The Second Coordination Sphere of FIH Controls Hydroxylation

The factor inhibiting HIF (FIH) is a proximate oxygen sensor for human cells, hydroxylating Asn(803) within the alpha-subunit of the hypoxia inducible factor (HIF). FIH is an alpha-ketoglutatrate (alpha KG)-dependent, non-heme Fe(11) dioxygenase, in which Fe(II) is coordinated by a (His(2)Asp) facial triad, alpha KG, and H(2)O. Hydrogen bonding among the facial triad, the HIF-Asn(803) side chain, and various second-sphere residues suggests a functional role for the second coordination sphere in tuning the chemistry of the Fe(II) center. Point mutants of FIH were prepared to test the functional role of the alpha KG-centered (Asn(205) and Asn(294)) or HIF-Asn(803)-centered (Arg(238) and Gln(239)) second-sphere residues. The second sphere was tested for local effects on priming Fe(II) to react with O(2), oxidative decarboxylation, and substrate positioning. Steady-sate kinetics were used to test for overall catalytic effects; autohydroxylation rates were used to test for priming and positioning, and electronic spectroscopy was used to assess the primary coordination sphere and the electrophilicity of alpha KG. Asn(205)-> Ala and Asn(294)-> Ala mutants exhibited diminished rates of steady-state turnover, while minimally affecting autohydroxylation, consistent with impaired oxidative decarboxylation. Blue-shifted metal to ligand charge transfer transitions for (Fe+alpha KG)FIH indicated that these point mutations destabilized the pi* orbitals of alpha KG, further supporting a slowed rate of oxidative decarboxylation.
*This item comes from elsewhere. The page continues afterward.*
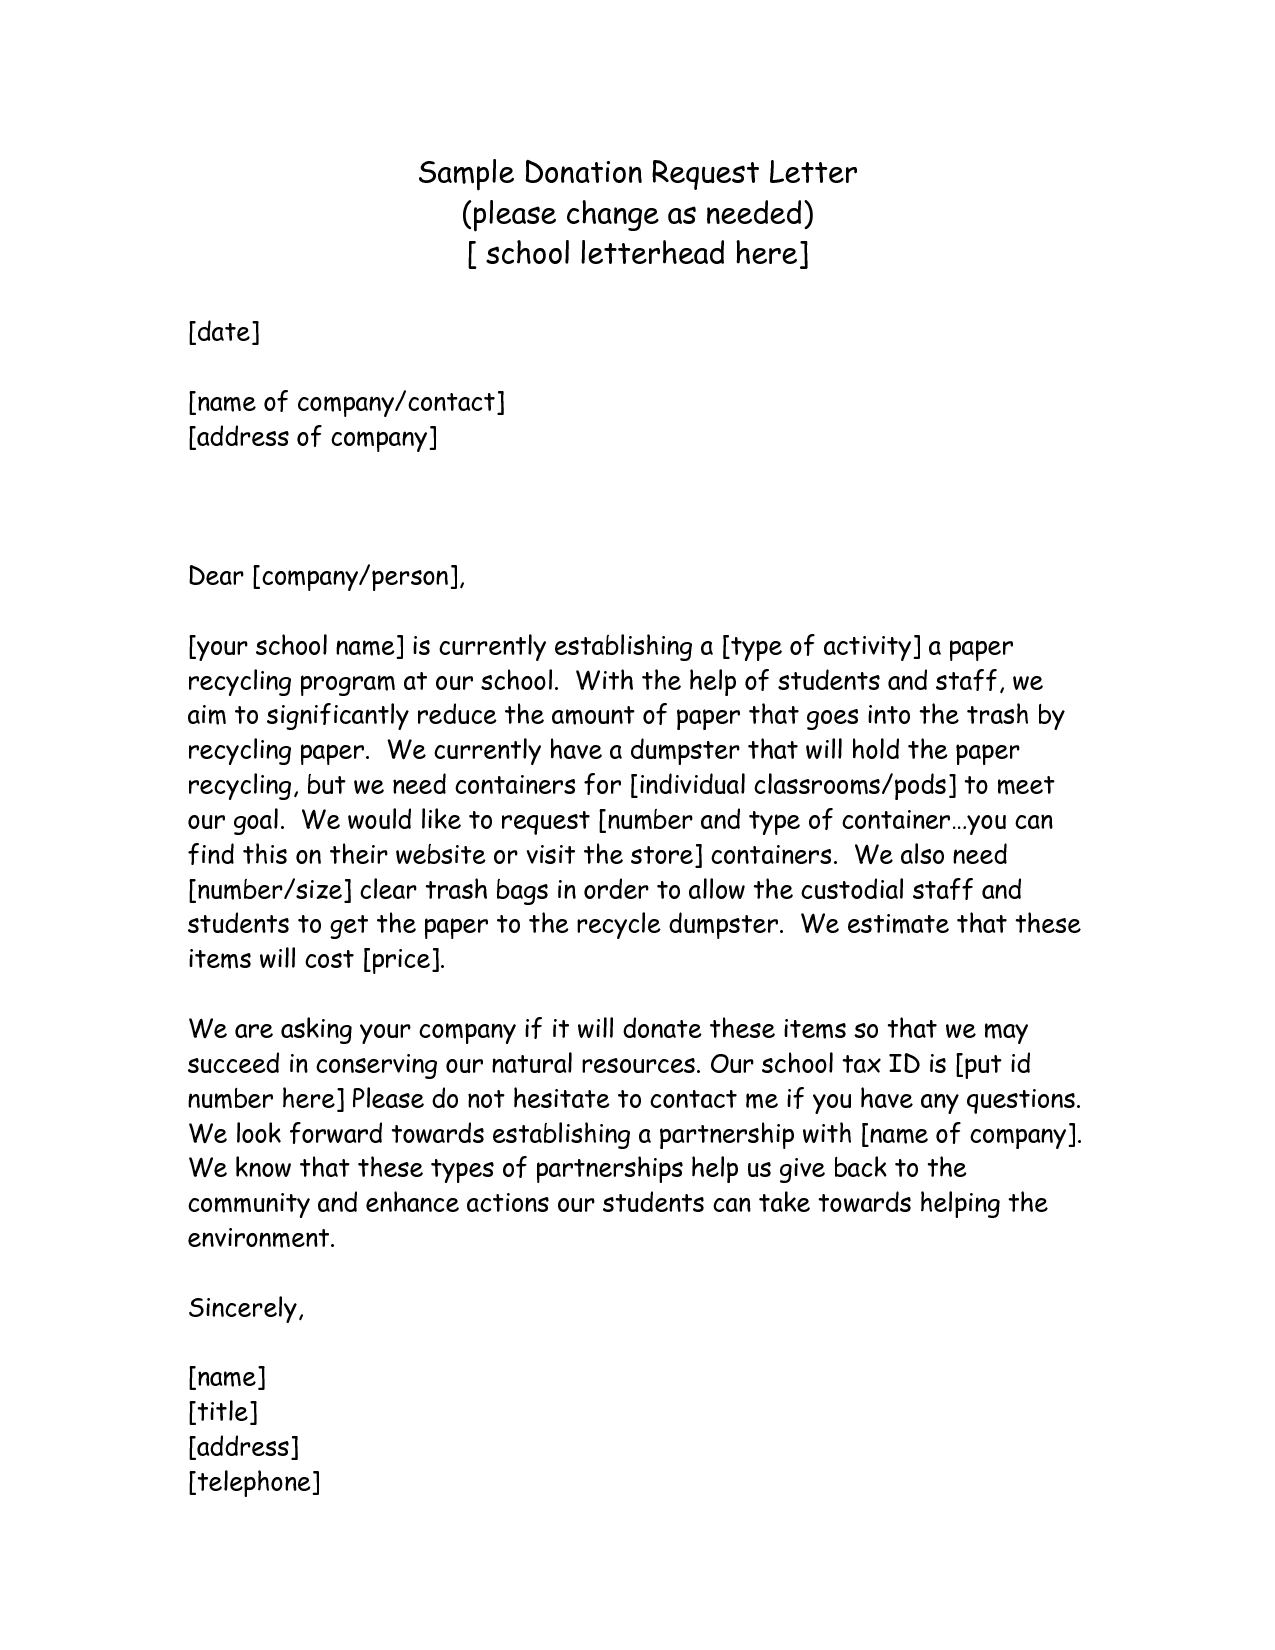 Sample Fundraising Letter Template - Examples for Donation Letters

The Arg(238)-> Met mutant exhibited steady-state rates too low to measure and diminished product yields, suggesting impaired substrate positioning or priming; the Arg(238)-> Met mutant was capable of O(2) activation for the autohydroxylation reaction. The Gln(239)-> Asn mutant exhibited significantly slowed steady-state kinetics and diminished product yields, suggesting impaired substrate positioning or priming. As HIF binding to the Gln(239)-> Asn mutant stimulated autohydroxylation, it is more likely that this point mutant simply mispositions the HIF-Asn(803) side chain. This work combines kinetics and spectroscopy to show that these second-sphere hydrogen bonds play roles in promoting oxidative decarboxylation, priming Fe(II) to bind O(2), and positioning HIF-Asn(803).